__Source data__.
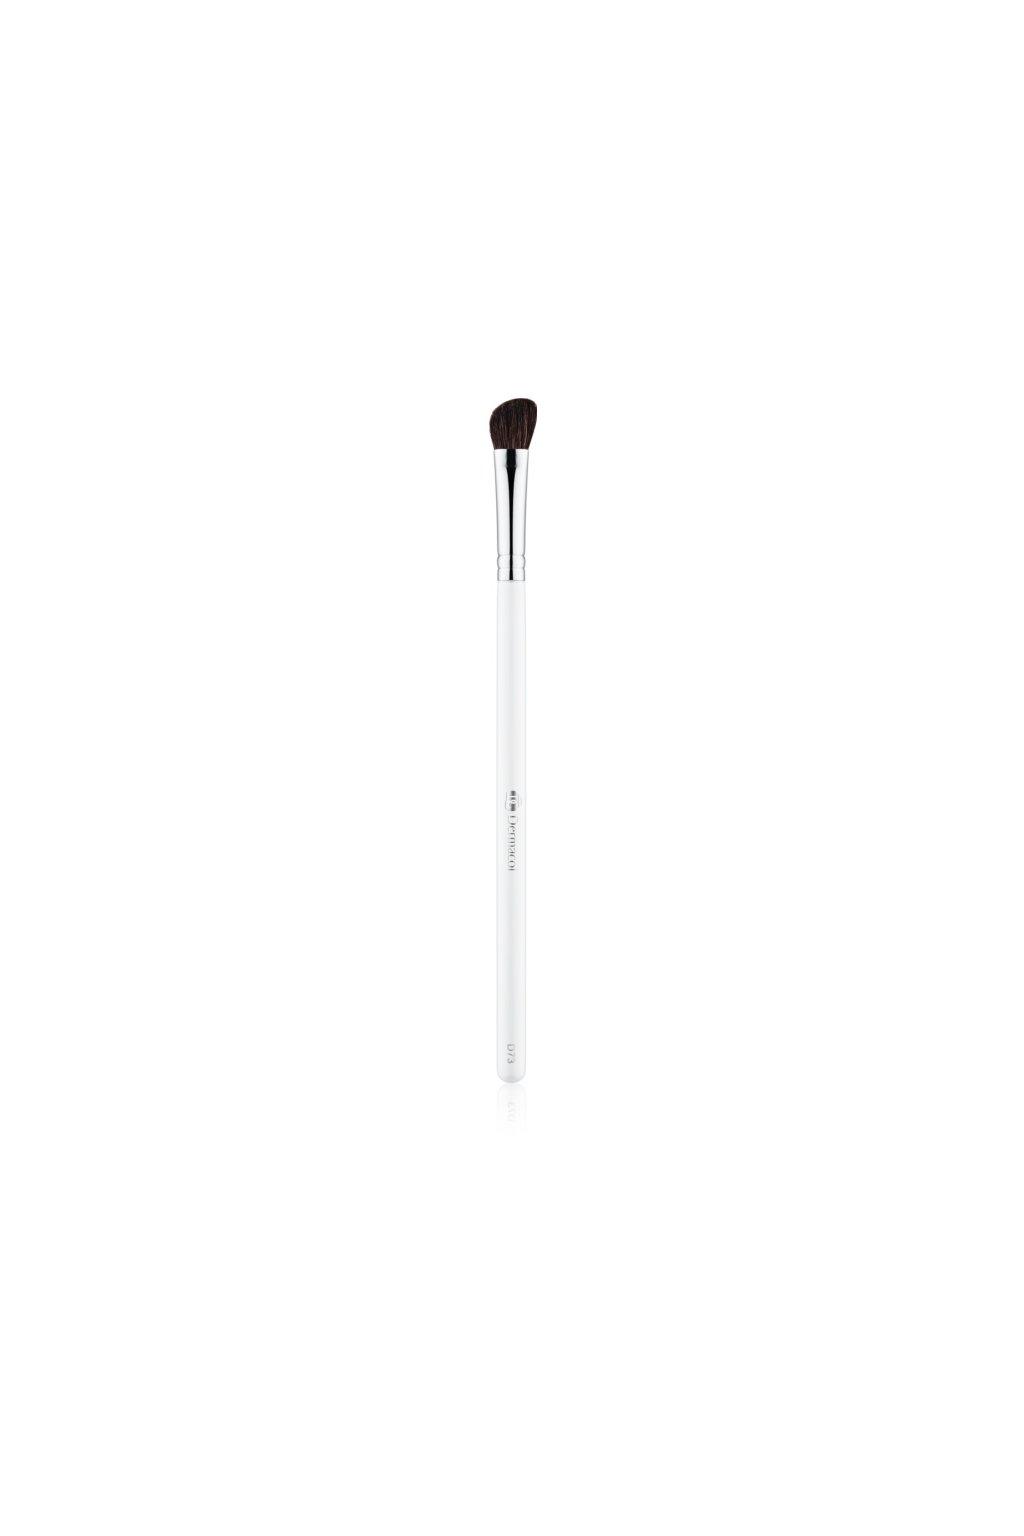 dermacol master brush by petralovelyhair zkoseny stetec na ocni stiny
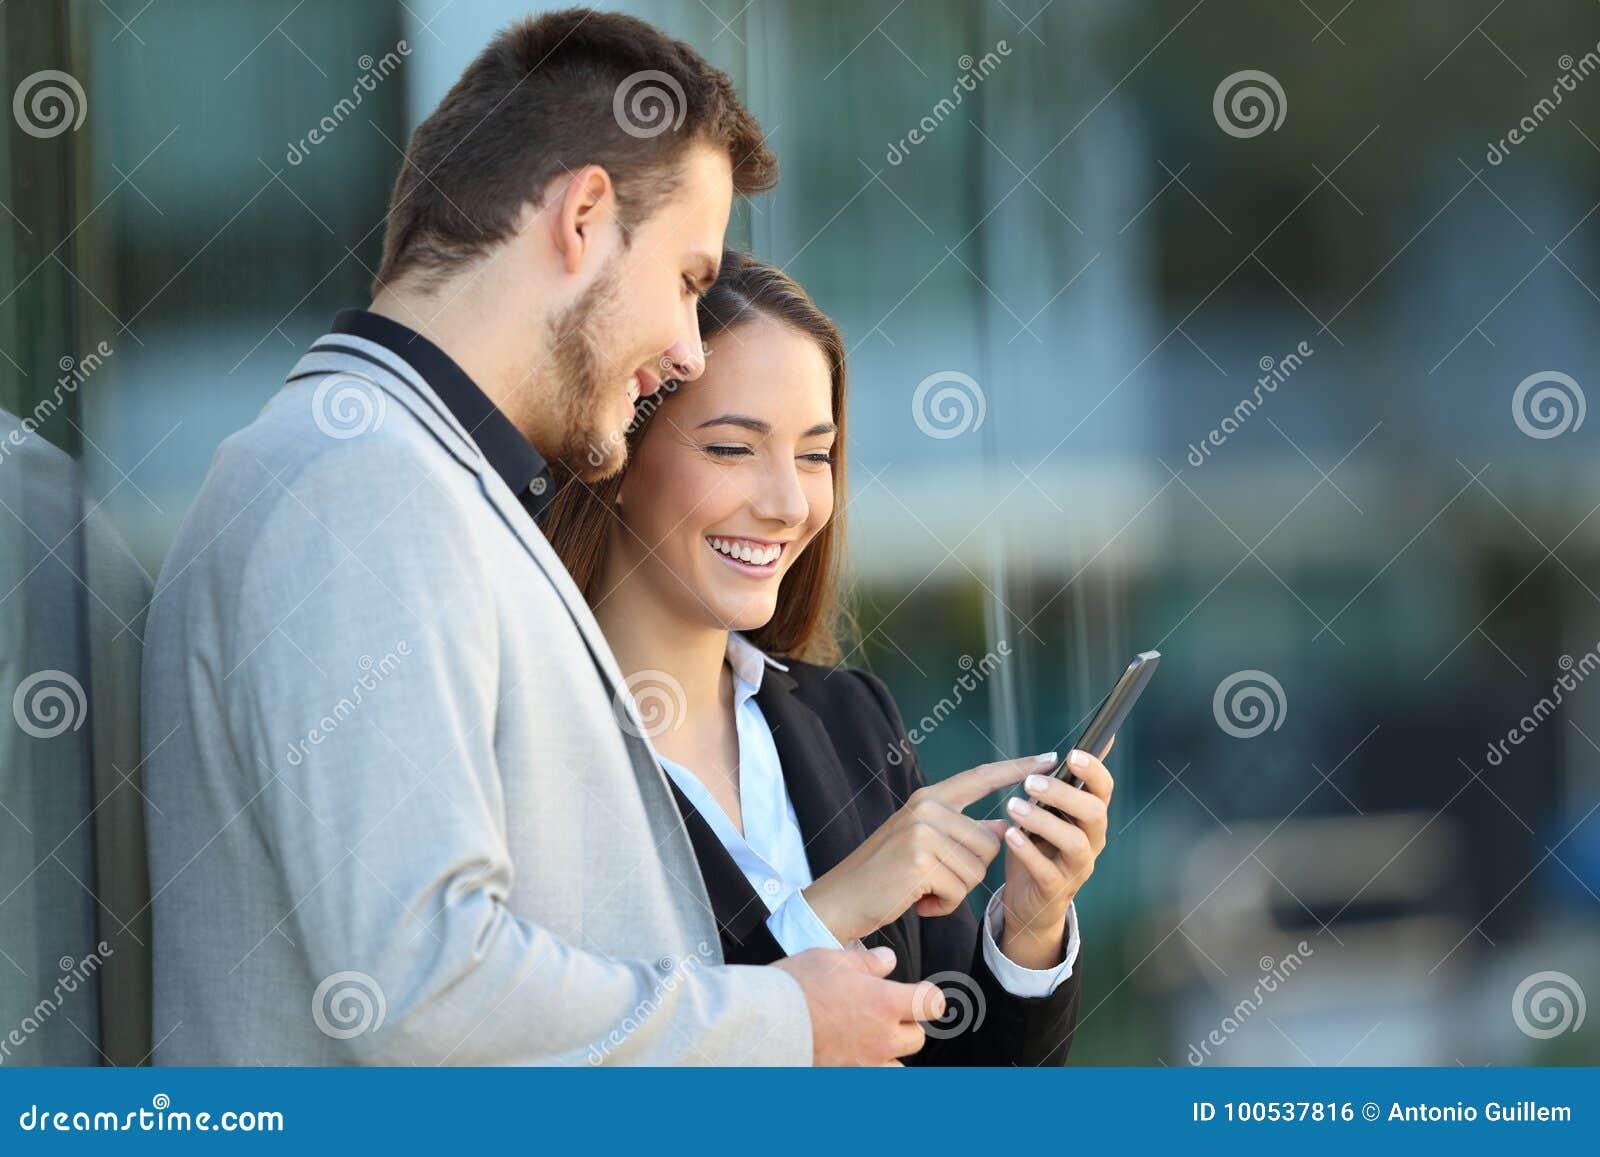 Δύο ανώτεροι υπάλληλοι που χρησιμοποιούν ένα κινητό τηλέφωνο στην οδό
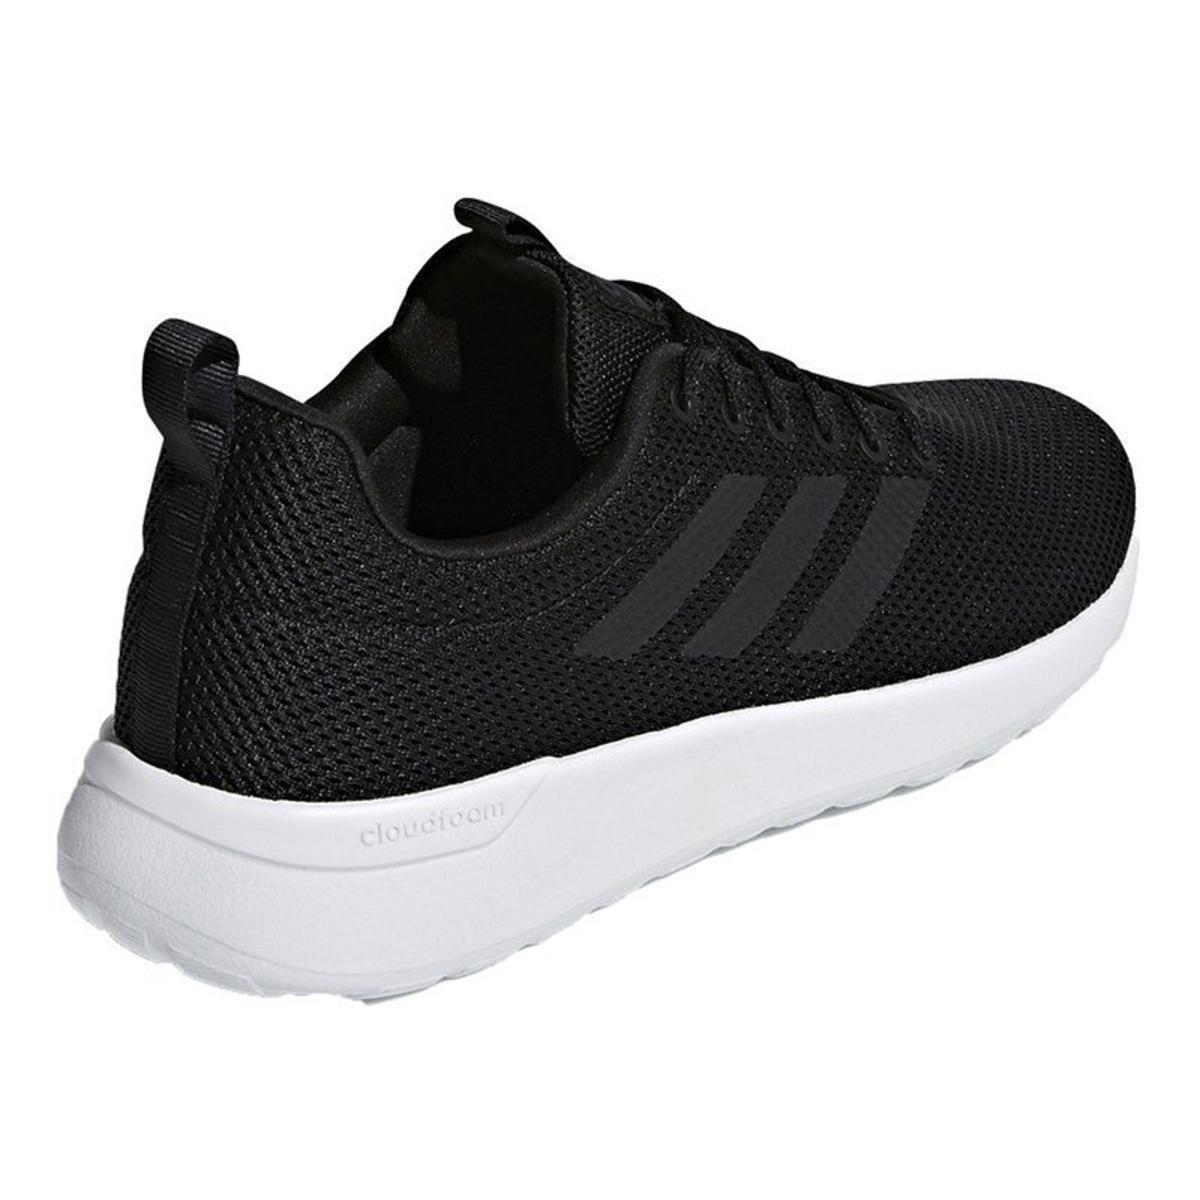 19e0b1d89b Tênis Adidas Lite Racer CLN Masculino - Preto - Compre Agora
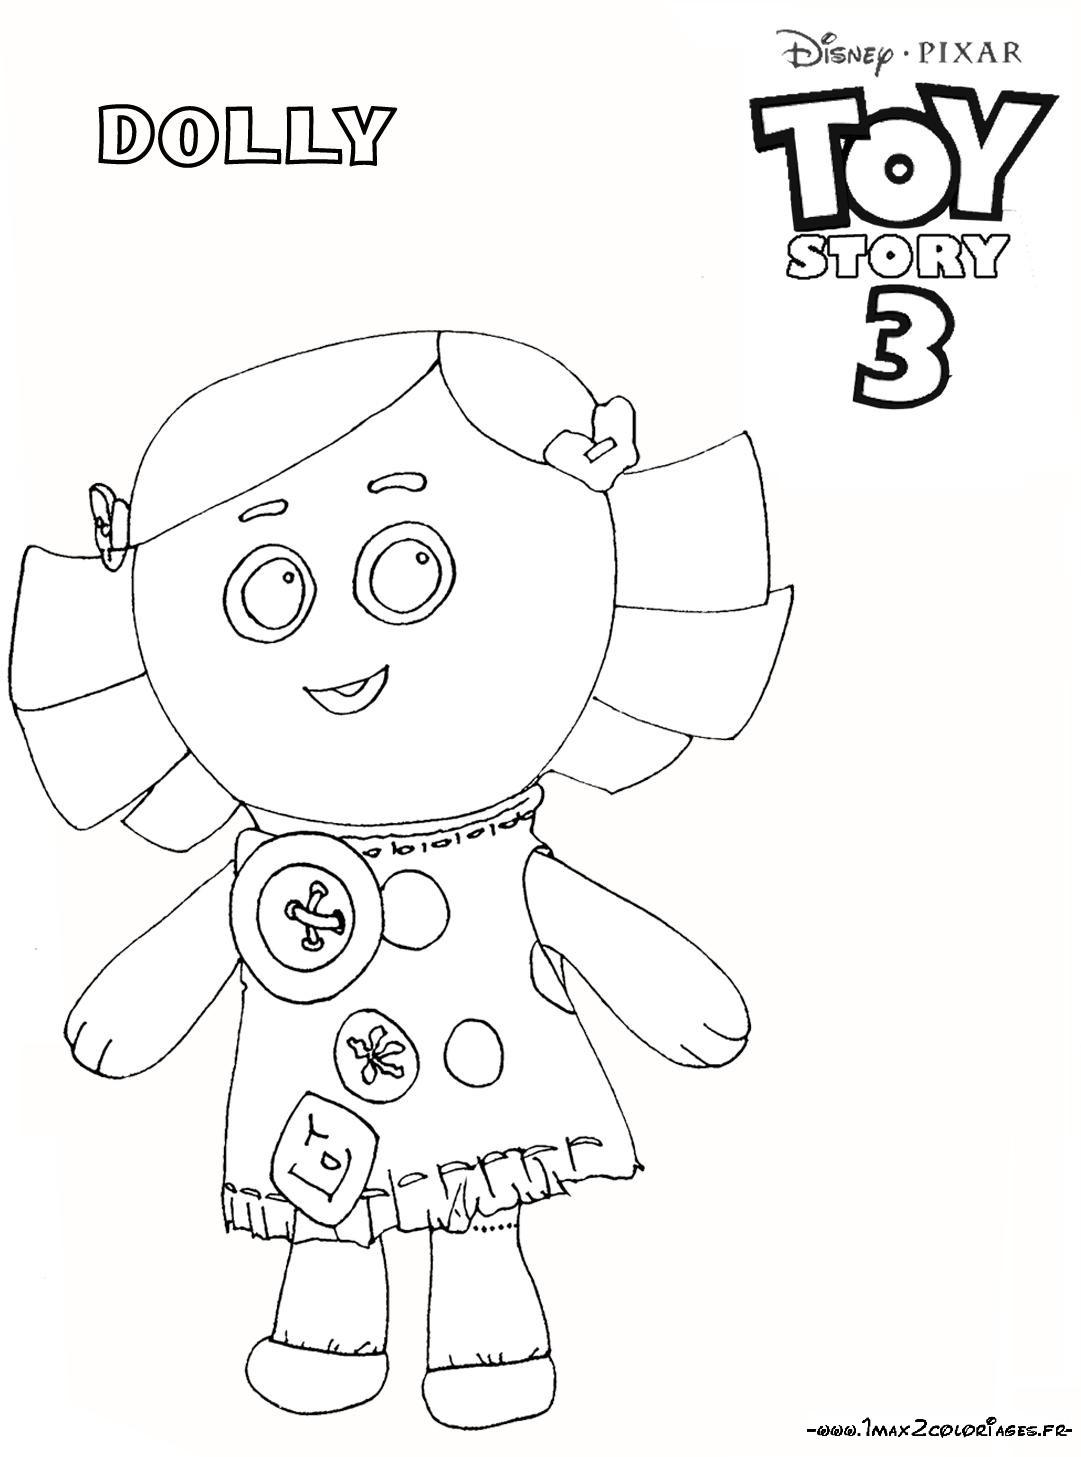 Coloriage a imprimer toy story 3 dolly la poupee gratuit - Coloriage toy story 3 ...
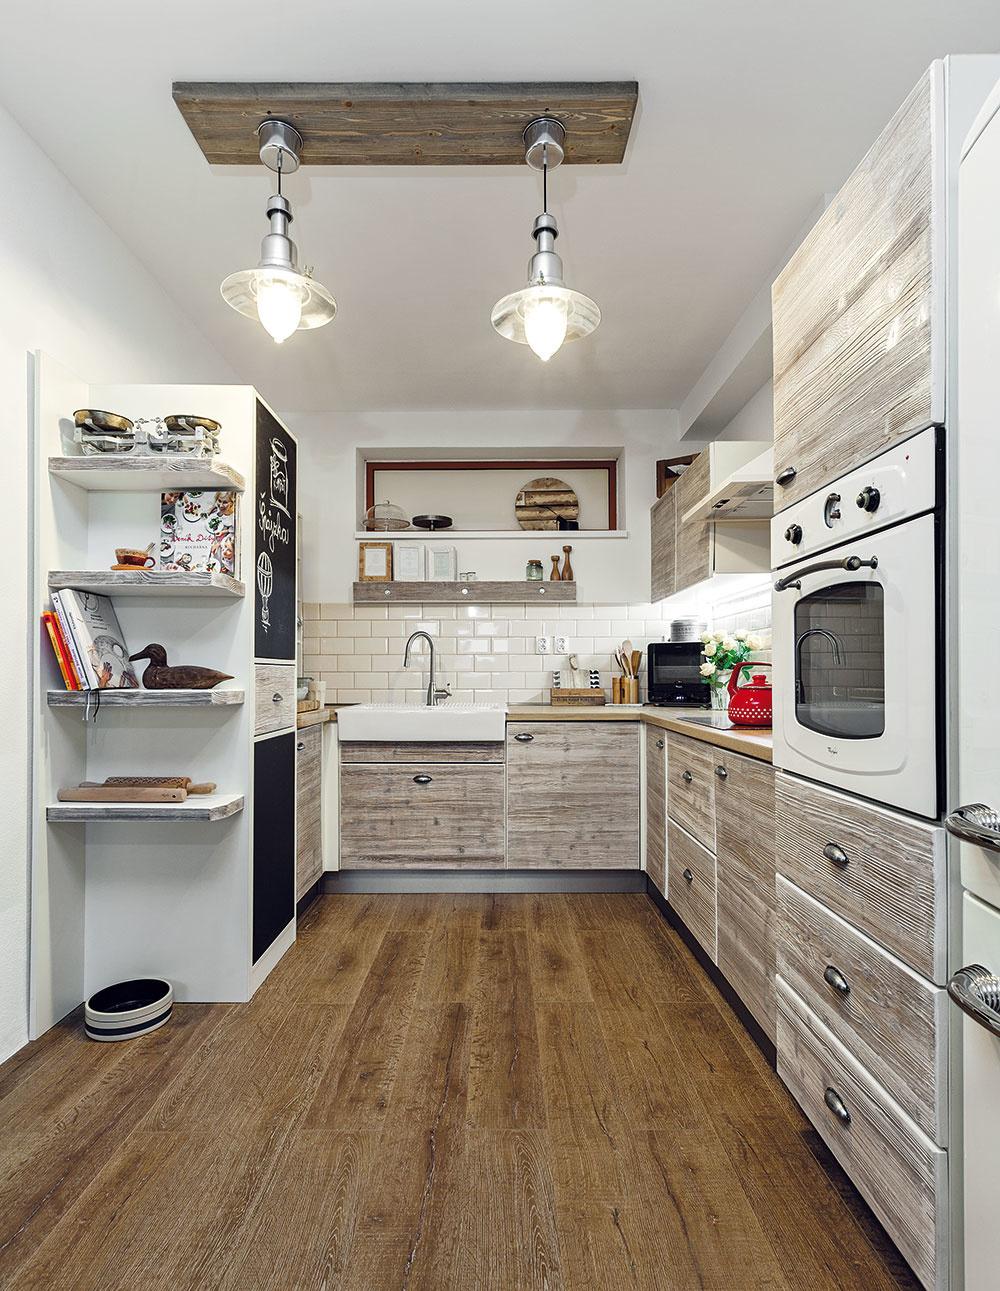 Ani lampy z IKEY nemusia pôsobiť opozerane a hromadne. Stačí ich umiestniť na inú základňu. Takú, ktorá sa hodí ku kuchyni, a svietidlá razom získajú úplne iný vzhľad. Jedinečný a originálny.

__Activity__.
Set the records down again exactly, with no pictures.

__Task output__.
 dermacol master brush by petralovelyhair zkoseny stetec na ocni stiny
 Δύο ανώτεροι υπάλληλοι που χρησιμοποιούν ένα κινητό τηλέφωνο στην οδό
 19e0b1d89b Tênis Adidas Lite Racer CLN Masculino - Preto - Compre Agora
 Coloriage a imprimer toy story 3 dolly la poupee gratuit - Coloriage toy story 3 ...
 Ani lampy z IKEY nemusia pôsobiť opozerane a hromadne. Stačí ich umiestniť na inú základňu. Takú, ktorá sa hodí ku kuchyni, a svietidlá razom získajú úplne iný vzhľad. Jedinečný a originálny.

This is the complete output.